Soyez rassurés. Vous pouvez garder vos mains dans vos poches. Pareil projet électoral, pour limité qu’il soit, ne vous coûtera pas. Il ne changera rien, sinon qu’à entretenir l’illusion que votre situation ne dépend en rien du malheur des autres.

Derrière l’ancien terminal d’autobus, face à la Grande Bibliothèque, se trouve un autre campement de fortune, à l’abri des regards. L’édifice, vide depuis des années, est chauffé. Mais on a préféré laisser ces personnes dehors tout l’hiver, sur d’anciens quais d’embarquement, bien assurés qu’ils n’iront nulle part.

Puisqu’il manque de logements pour tout un segment de la population, le premier ministre François Legault a indiqué que les étudiants, eux, pouvaient au moins cohabiter.

Devant Manon Massé, le premier ministre a précisé qu’il est possible de trouver un logement à Montréal pour 500 à 600 $ par mois. Loue-t-il, à ce prix, des chambres dans sa maison d’Outremont, mise en vente à 5 millions ? On n’est pas loin ici, comme aveuglement à l’égard de la réalité autant que de l’actualité, du panier d’épicerie à 75 $ par semaine évoqué comme suffisant par son prédécesseur Philippe Couillard. Pour prouver qu’il est en phase avec la population, François Legault affirme qu’il a « encore beaucoup d’amis qui viennent de la classe très moyenne ». La précarité, selon François Legault, ce serait donc une affaire de classe moyenne… Et le voici incapable de constater que le sommet de la pyramide où il vit se détache de la base.

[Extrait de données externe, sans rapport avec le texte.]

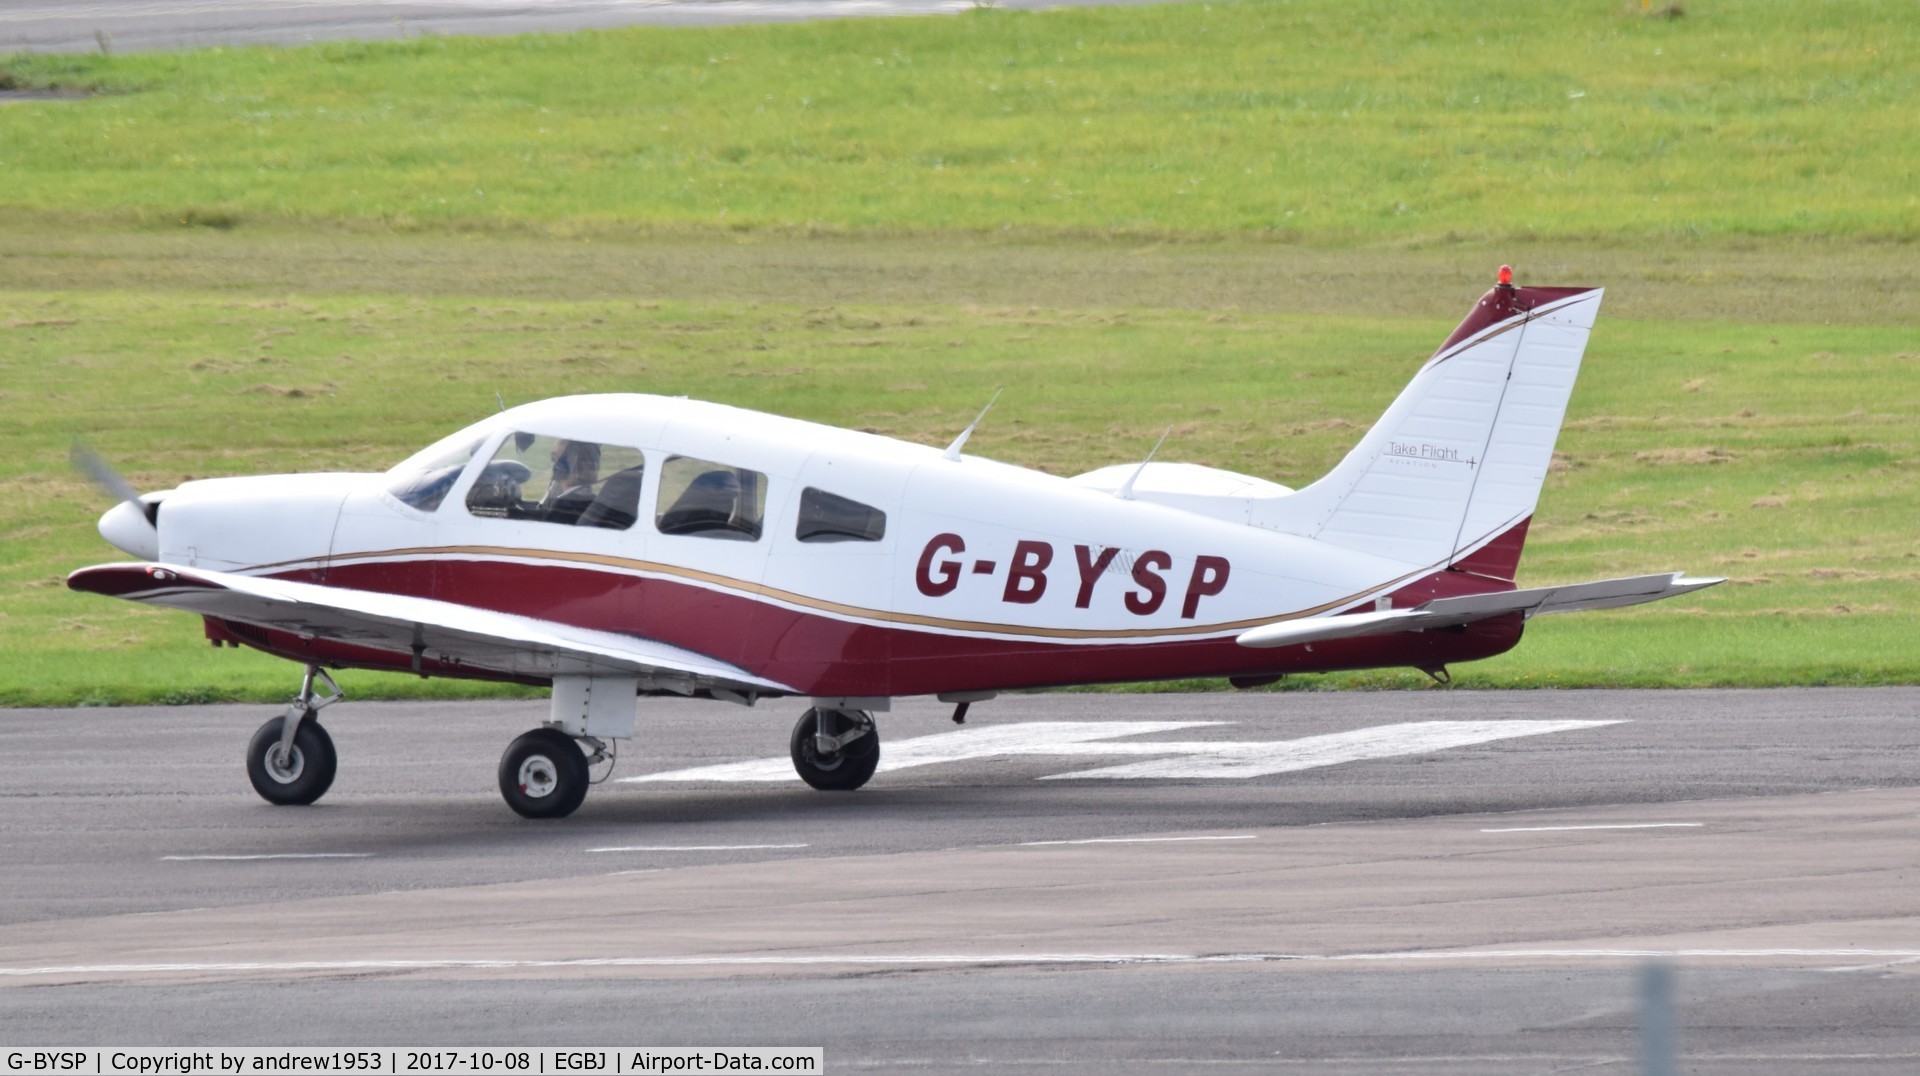 G-BYSP, 1985 Piper PA-28-181 Cherokee Archer II C/N 28-8590047, G-BYSP at Gloucestershire Airport.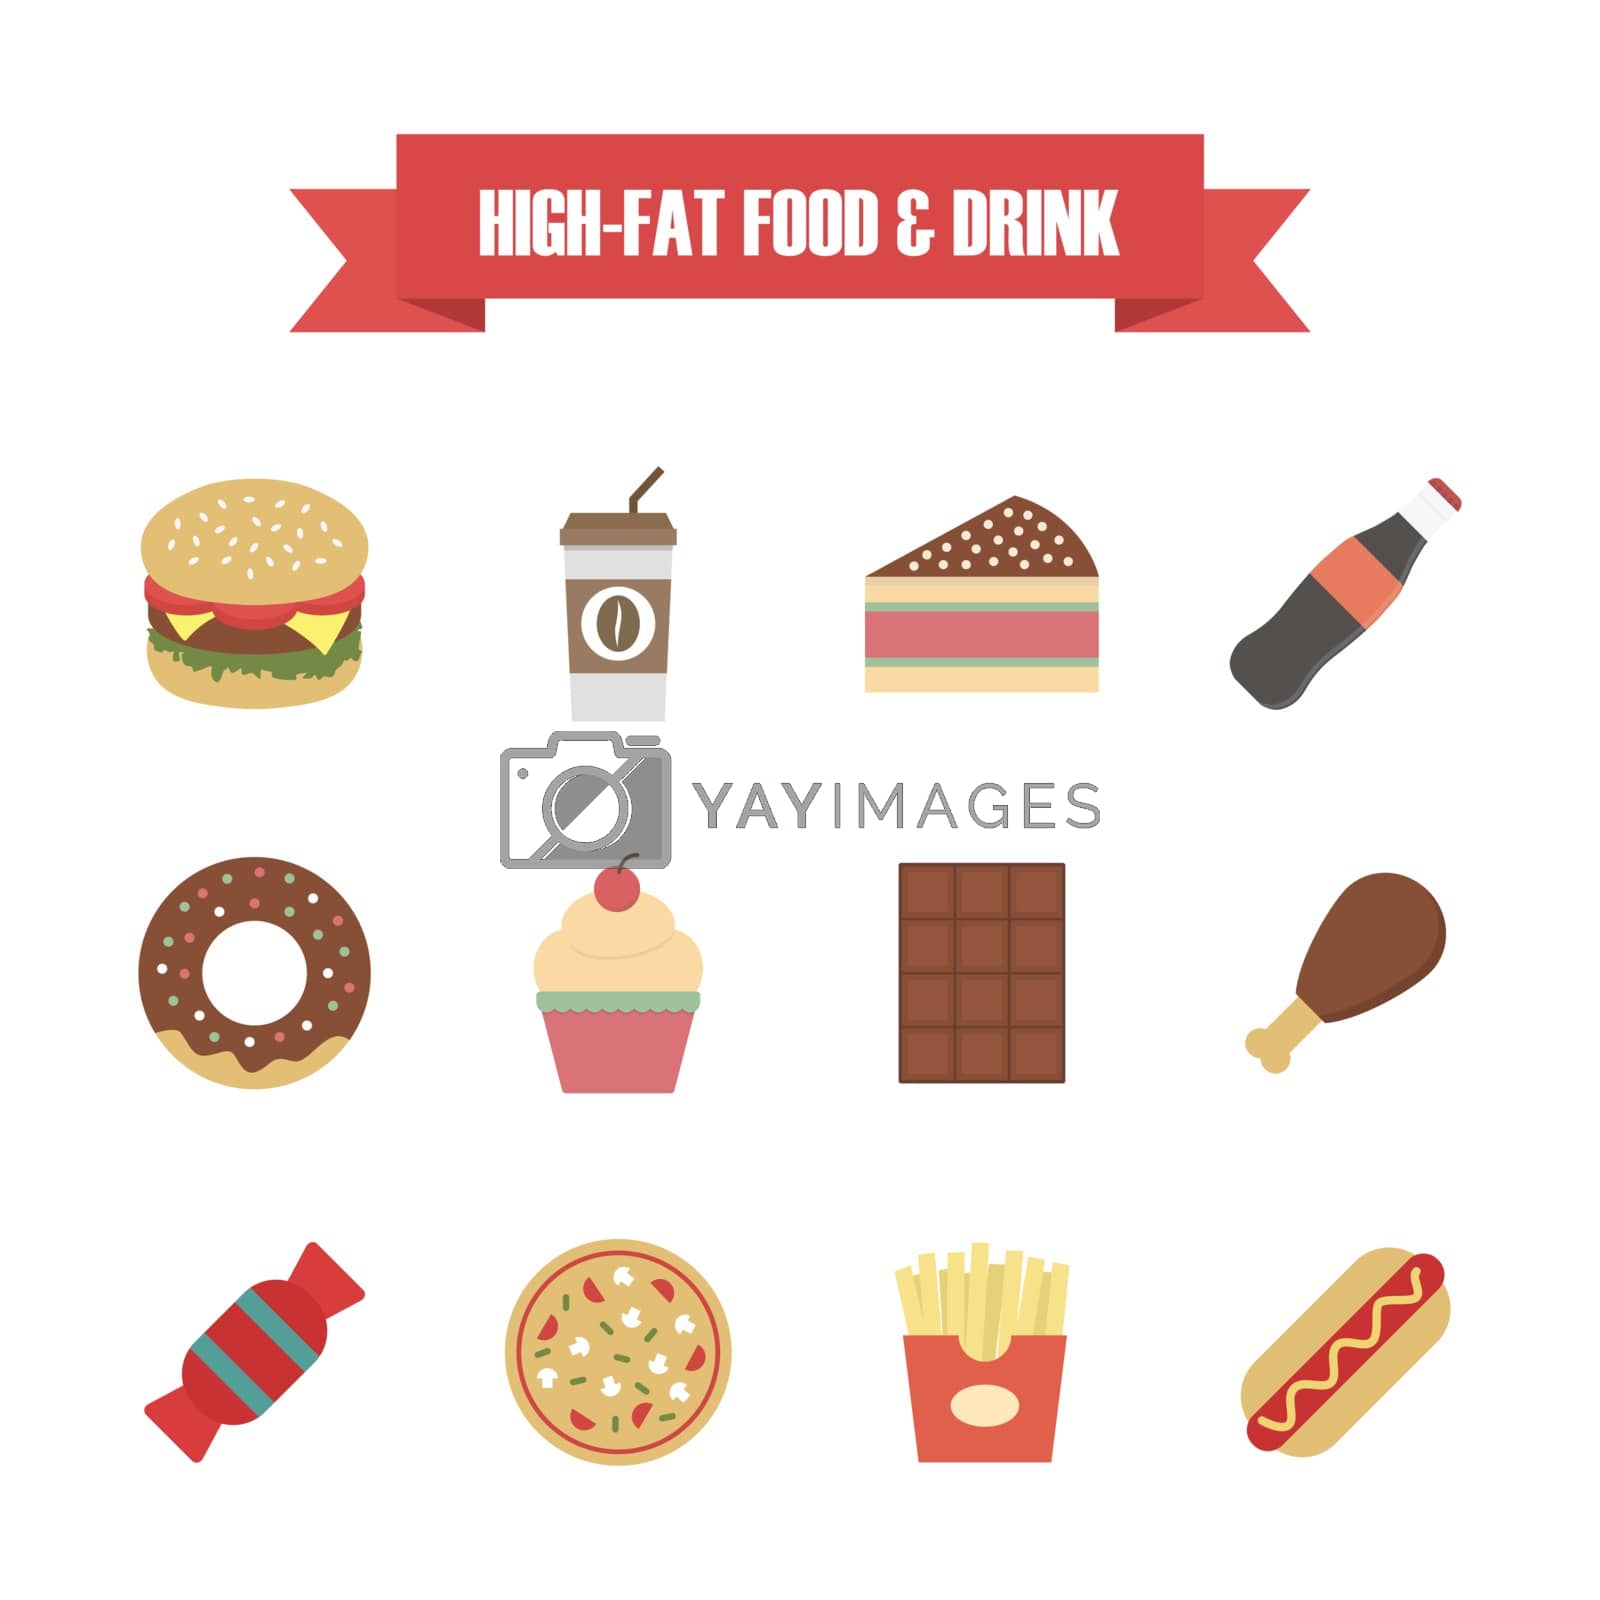 Royalty free image of junk food by zirconicusso

Le prix moyen des loyers offert à Montréal s’élève à plus de 1300 $ par mois, selon une enquête conduite sur plus de 3000 petites annonces. C’est dire que moins de 1,8 % des logements offerts sont inférieurs ou égaux à 600 $. Il coûte en moyenne trois fois plus cher pour se loger à Montréal qu’à Thetford Mines.

Pourquoi personne ne propose-t-il de déménager Montréal à Thetford Mines ? Il s’y trouve encore de grands trous de mines dont on ne sait que faire et qu’une partie de la population montréalaise la moins fortunée pourrait très bien occuper. Ce serait une façon d’enterrer le problème pour de bon, sachant que la crise du logement à Montréal ne date pas d’hier. Même au sortir de la guerre, les soldats qui rentraient au pays se retrouvaient sans abri, forcés de squatter. Et depuis ce temps, la guerre sociale contre les pauvres a continué.

L’autre jour, un ami me disait être apparenté à la Corriveau, cette femme qui fut exécutée en 1763 puis exposée dans une cage de fer pour avoir assassiné un mari qui la maltraitait. Combien de gens en ce pays sont-ils liés à cette malheureuse, à l’heure où la question des féminicides retient à raison l’attention ? En remontant jusqu’au XVIIIe siècle, vous dénombrerez environ 1000 ancêtres, selon ce que j’en comprends. Cependant, au chapitre de l’histoire humaine, trois petits siècles ne sont presque rien. Imaginez de projeter ce rapport exponentiel des liens humains plus loin, tout en sachant que plusieurs branches se croisent et se recroisent. Aussi bien dire que, d’une certaine façon, nous sommes tous un peu parents. Même avec les itinérants et des gens sans logement, ceux qu’on se refuse de voir depuis si longtemps.